ROI Math: What a $400 Conference Prep Sprint Actually Buys
For a 2,000-person conference list:
| Line item | Cost |
|---|---|
| Apify scraping (3–4 actor runs) | $12 |
| PDL enrichment (1,200 hits × $0.04) | $48 |
| Apollo enrichment (400 hits × $0.10) | $40 |
| Hunter.io domain search (200 hits × $0.012) | $2.40 |
| ZeroBounce validation (1,800 emails × $0.008) | $14.40 |
| SDR time (3 hrs ICP scoring + list setup @ $50/hr) | $150 |
| Total | ~$267 |
At an average deal size of $25,000 and 10% close rate on meetings, 2 closed deals from 41 meetings = $50,000 revenue. That's a 187x return on the prep spend.
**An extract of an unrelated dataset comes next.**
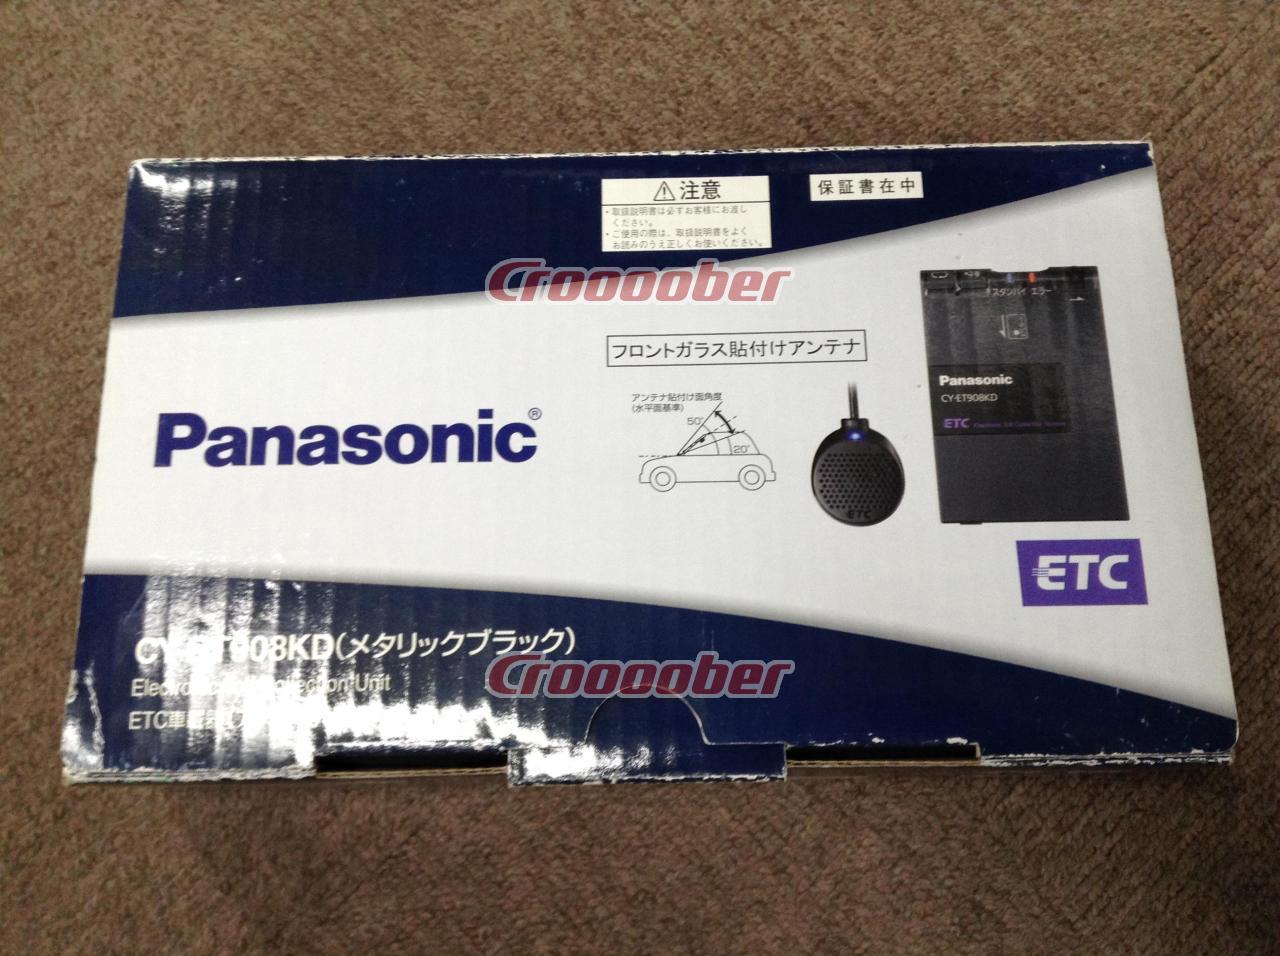 Panasonic CY-ET908KD | ETC Separate | Croooober
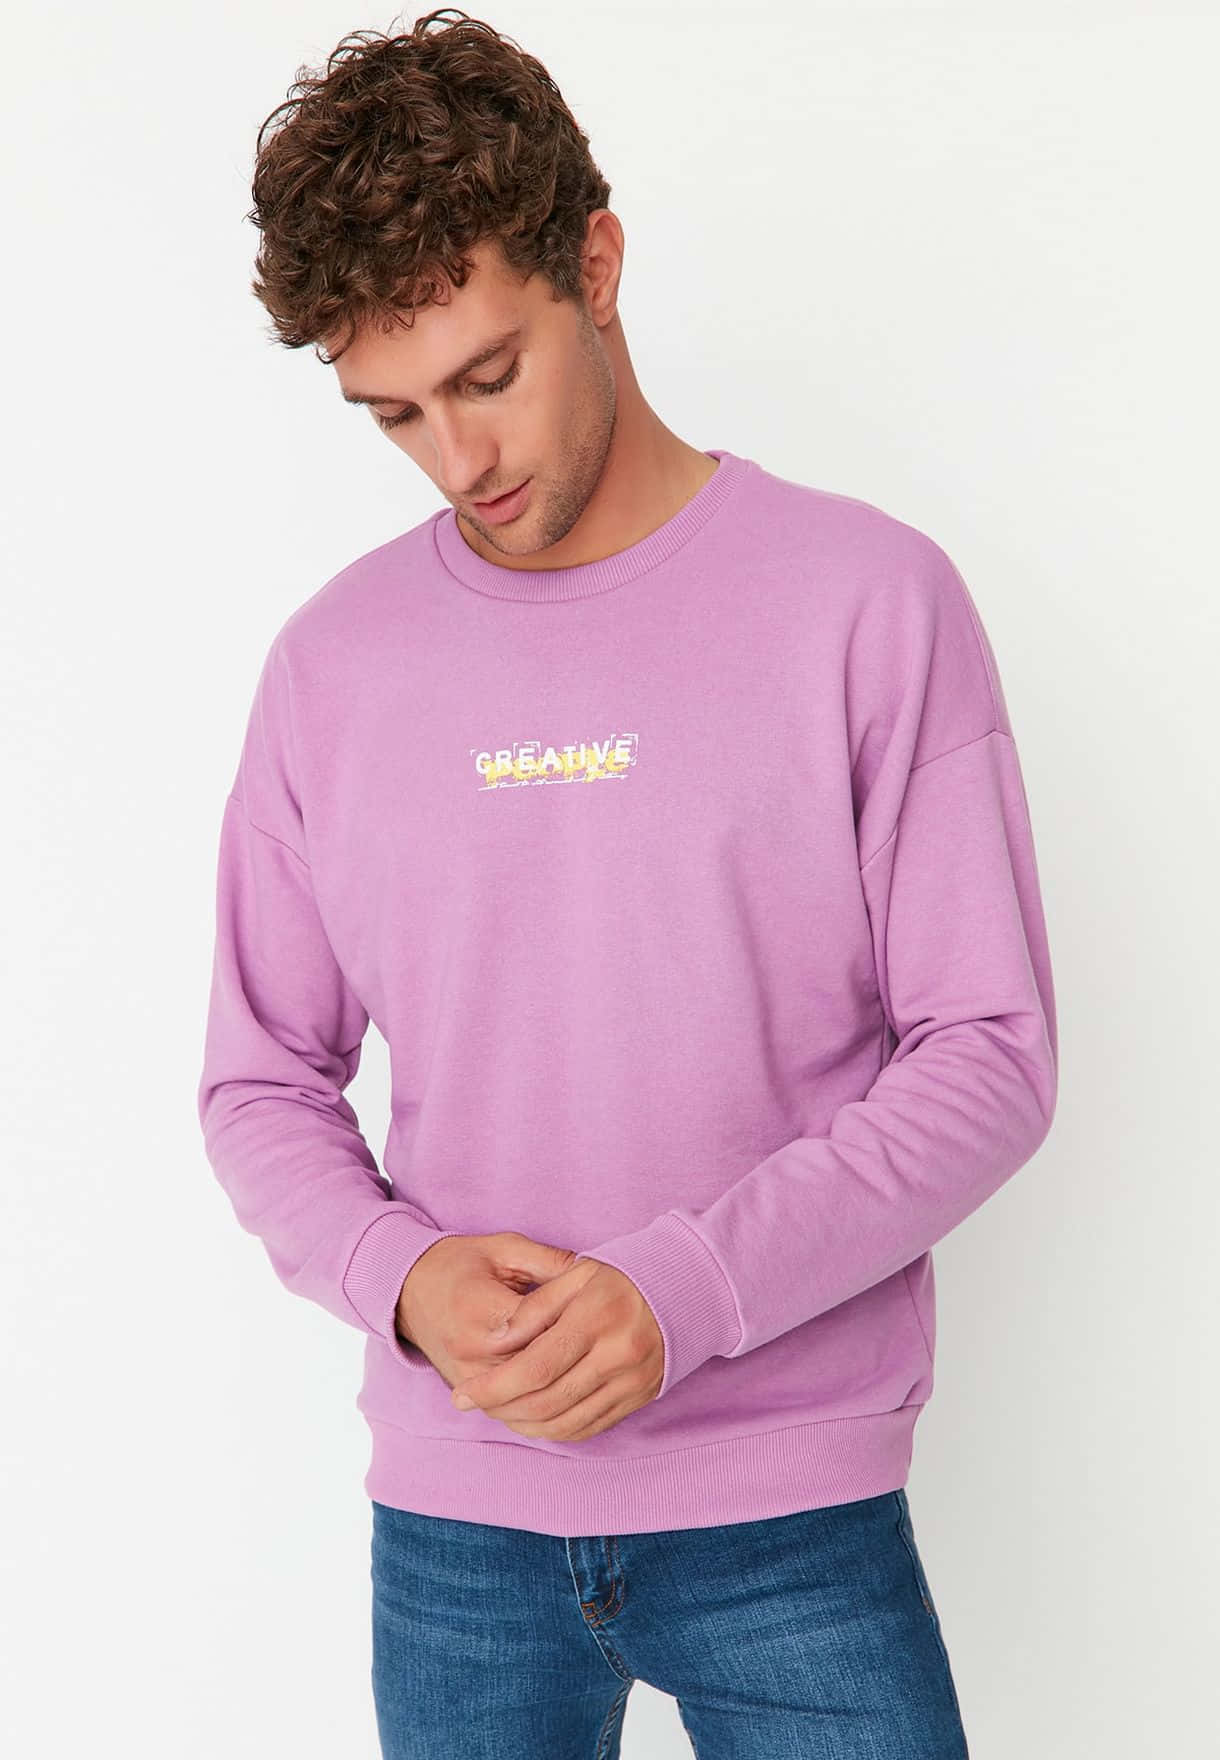 Look and Feel Your Best In This Trendy Purple Sweatshirt Wallpaper

This math degrades fast if your enrichment is sloppy (high bounce rates, low ICP match) or if your timing is off. The quality of extraction and precision of ICP scoring are where most teams leave money behind — not the outreach copy.
What I Actually Use
For the full workflow:
- Extraction: Apify for covered conferences, Playwright for custom sites
- Company intelligence on exhibitors: Grata for private/mid-market accounts, Apollo for public companies
- Enrichment waterfall: PDL first (best programmatic API, highest coverage), Apollo fallback, Hunter.io for domain-based email finding
- Email validation: ZeroBounce — tested NeverBounce too and they're comparable; ZeroBounce wins on bulk pricing at high volume
- ICP scoring + SDR review: Custom Python script feeding into a Clay table before sequence import
- Multi-event planning: Vendelux if you're running this across 5+ conferences per year
For social profile enrichment specifically — when a speaker has only their Twitter or Facebook handle listed, not a company domain — Ziwa has been faster for me than PDL's direct API for matching those social handles back to a verified business email. Worth knowing if you work events where speakers promote primarily on social rather than LinkedIn.
The full pipeline takes 3–4 hours to set up the first time per conference. After that, 45 minutes to run it again for the next event on your calendar.